Stephanie Ramlogan knows this concept all too well. As a Trinidadian residing in New York, she reconnects with home by putting her own spin on familiar dishes, using Diasporic flavours and spices that are available and that “speak” to her.
“I wasn’t taught how to cook, I just inherited my mother’s sweet hand,” she laughs. “My mother is a fantastic chef, and I never saw her follow a recipe. I remember as a child asking her how she remembered all the measurements and she said that she just made them up as she went along.”
Living in the United States, Ramlogan learned to improvise on what she saw her mother doing in her kitchen in Trinidad. Using taste and smell as her barometer, she has become accustomed to substituting American ingredients in her “classic” Trinidadian dishes and has begun to work on a Diaspora-inspired cookbook.

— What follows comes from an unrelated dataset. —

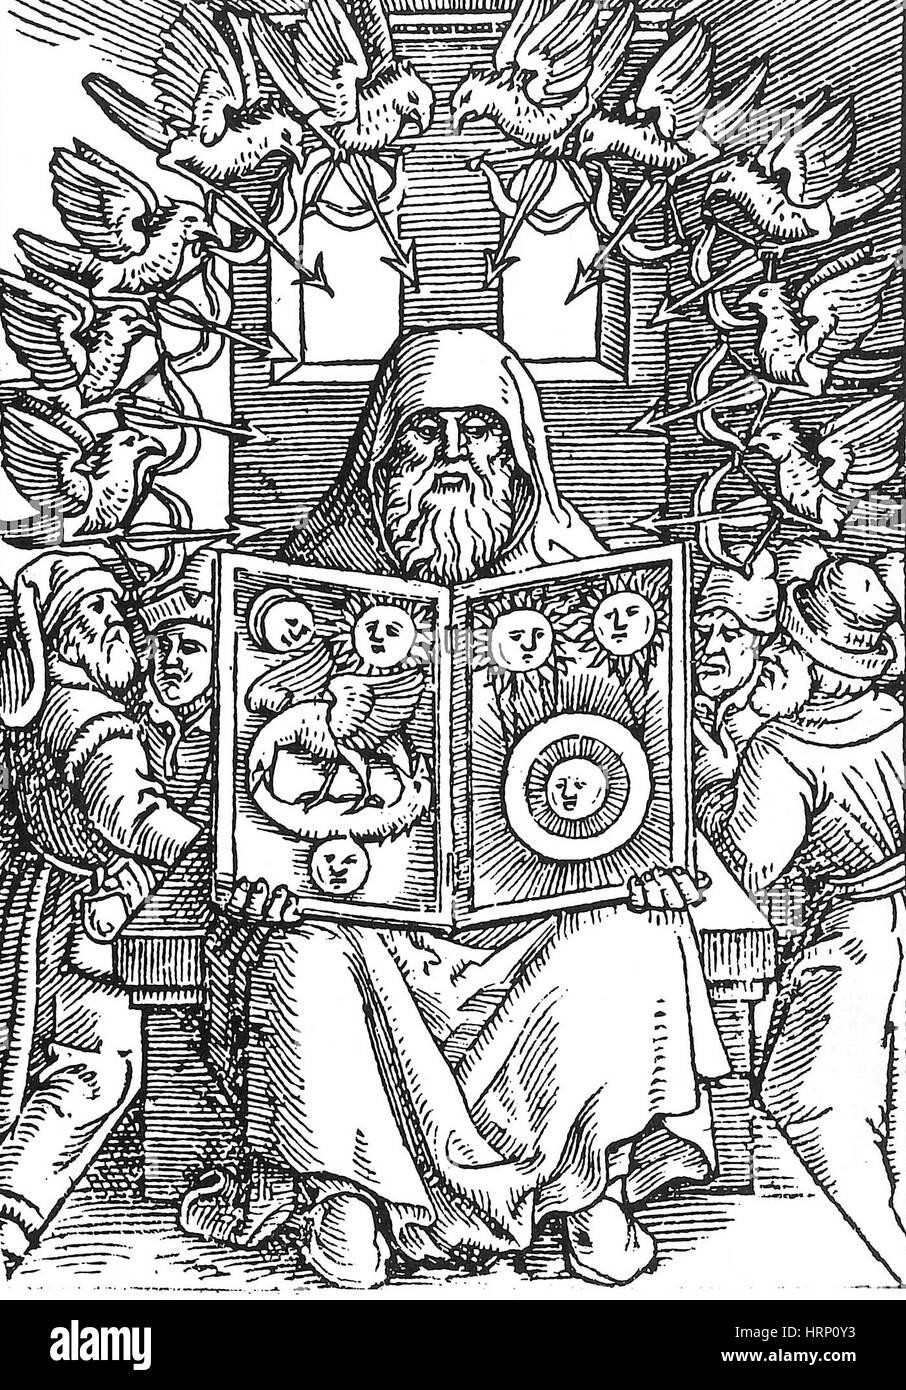 Hermes Trismegistus, Creator of Hermeticism - Stock Image

“I have been pulling together recipes for Trinbagonian food that I make in New York— using substitutions,” she explains. “I playfully refer to it as Trini Cooking For People In Foreign, and as an example, for one of the recipes I imagined my mother’s voice telling a 21-year-old me how to make Palau over the phone. The book is intended to be a place where people who love cooking can come to share, laugh and learn. It isn’t intended to just have recipes, but stories too, about Caribbean food and how I have adjusted to living abroad when all I crave is macaroni pie and red bean stew.”

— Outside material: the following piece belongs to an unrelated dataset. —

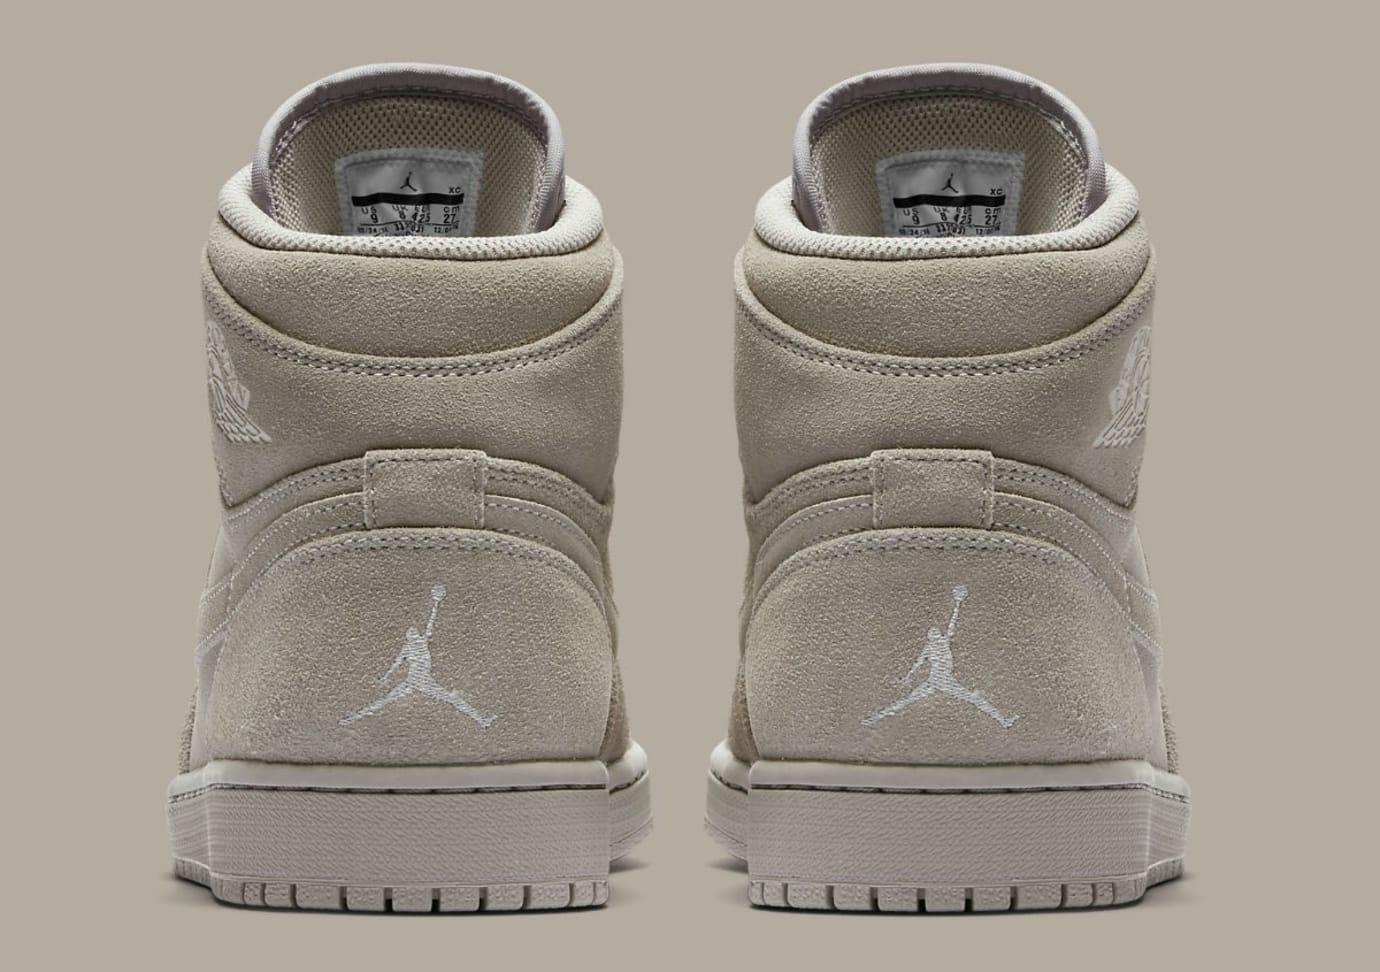 b2c91f5bc3d802 Air Jordan 1 High Wolf Grey Suede Release Date Heel 332550-031

Intuitive cooking techniques have permeated Caribbean life.
Take bush cooking, for example. Picture it— no controls, no heat settings, no scales, no timers— just fire. And whether it is a pot of corn soup over a flame, featuring a bubbling hodgepodge of coconut milk, corn, pumpkin, scotch bonnet and herbs on the side of the road, or a breadfruit buried in the burning sand as dead leaves crackle in the embers overhead— this is not cooking with your head, but with your heart. And it is ready to eat, not with the buzzing of a timer, but when the chef says so.

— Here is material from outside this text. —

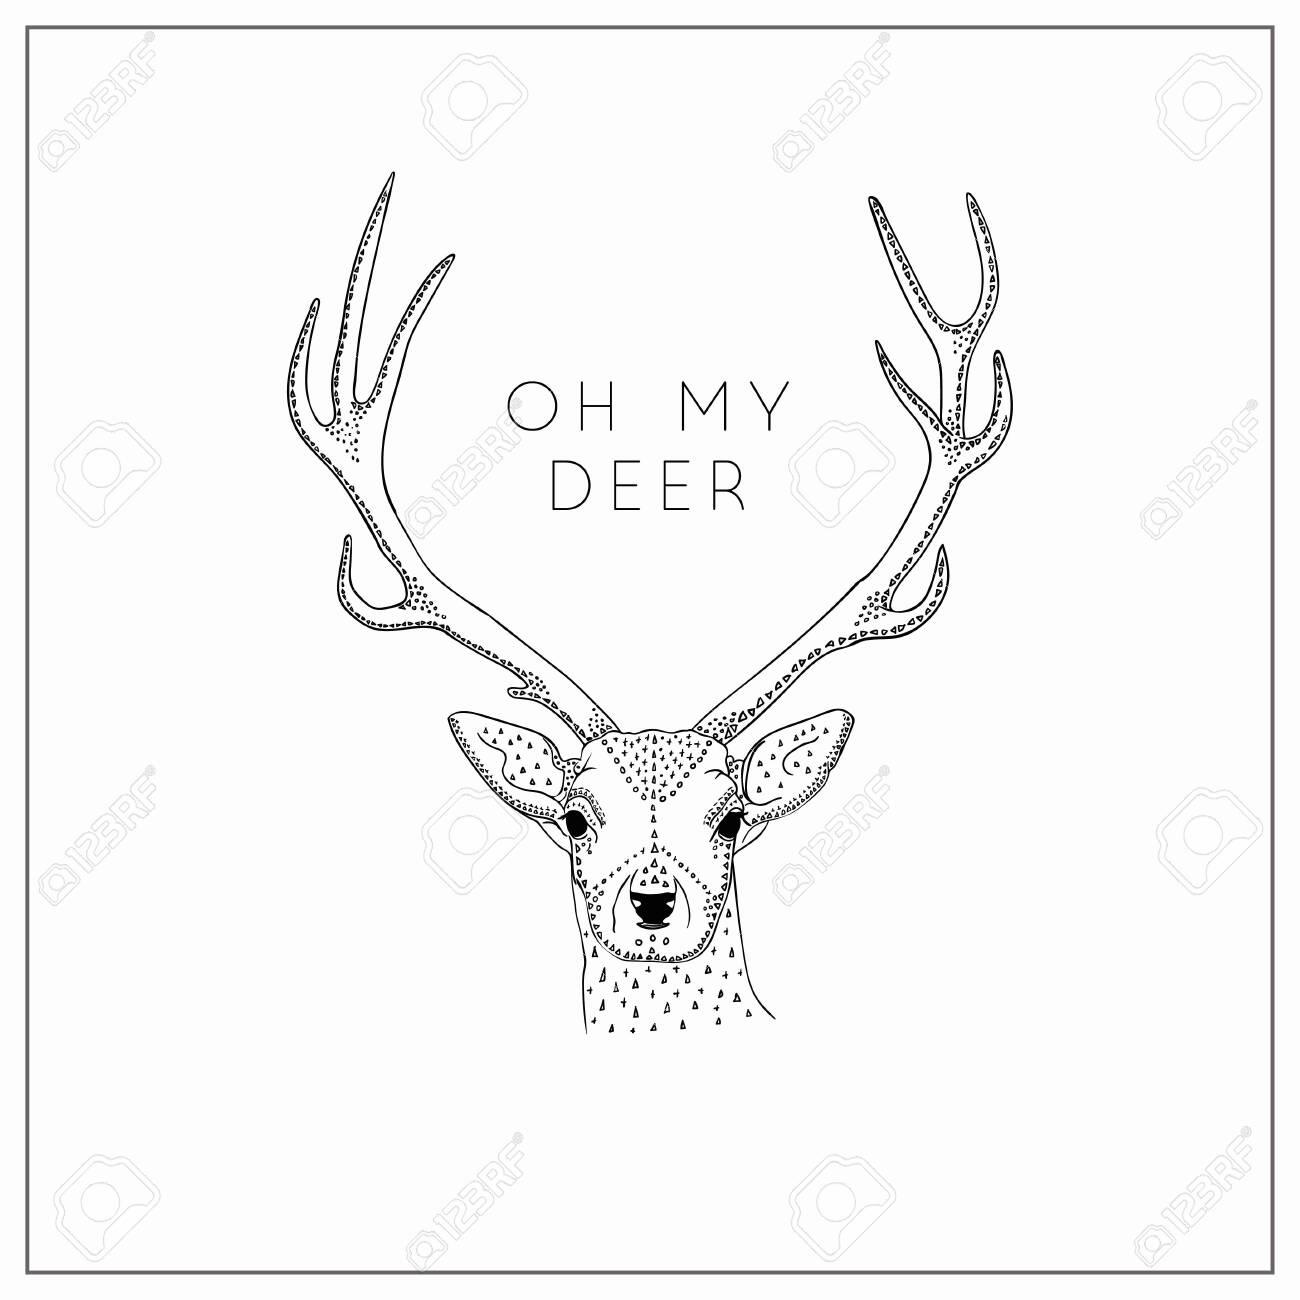 Vector Hand Drawn Deer Head Logo Tattoo Illustration With Horns

The authentic Caribbean palate originated with and continues to be driven by seasons, senses, creativity, migration and survival. Whether the Pepperpot of Guyana, the Ackee and Saltfish of Jamaica, the Oil Down of Trinidad or the variety of whole foods and techniques that were brought to the New World hundreds and thousands of years ago, intuitive cooking is critical to cultural survival and resilience that is being threatened by the mass influx of imported and ultra-processed foods into the region.
Nourishing the body should also nourish the soul.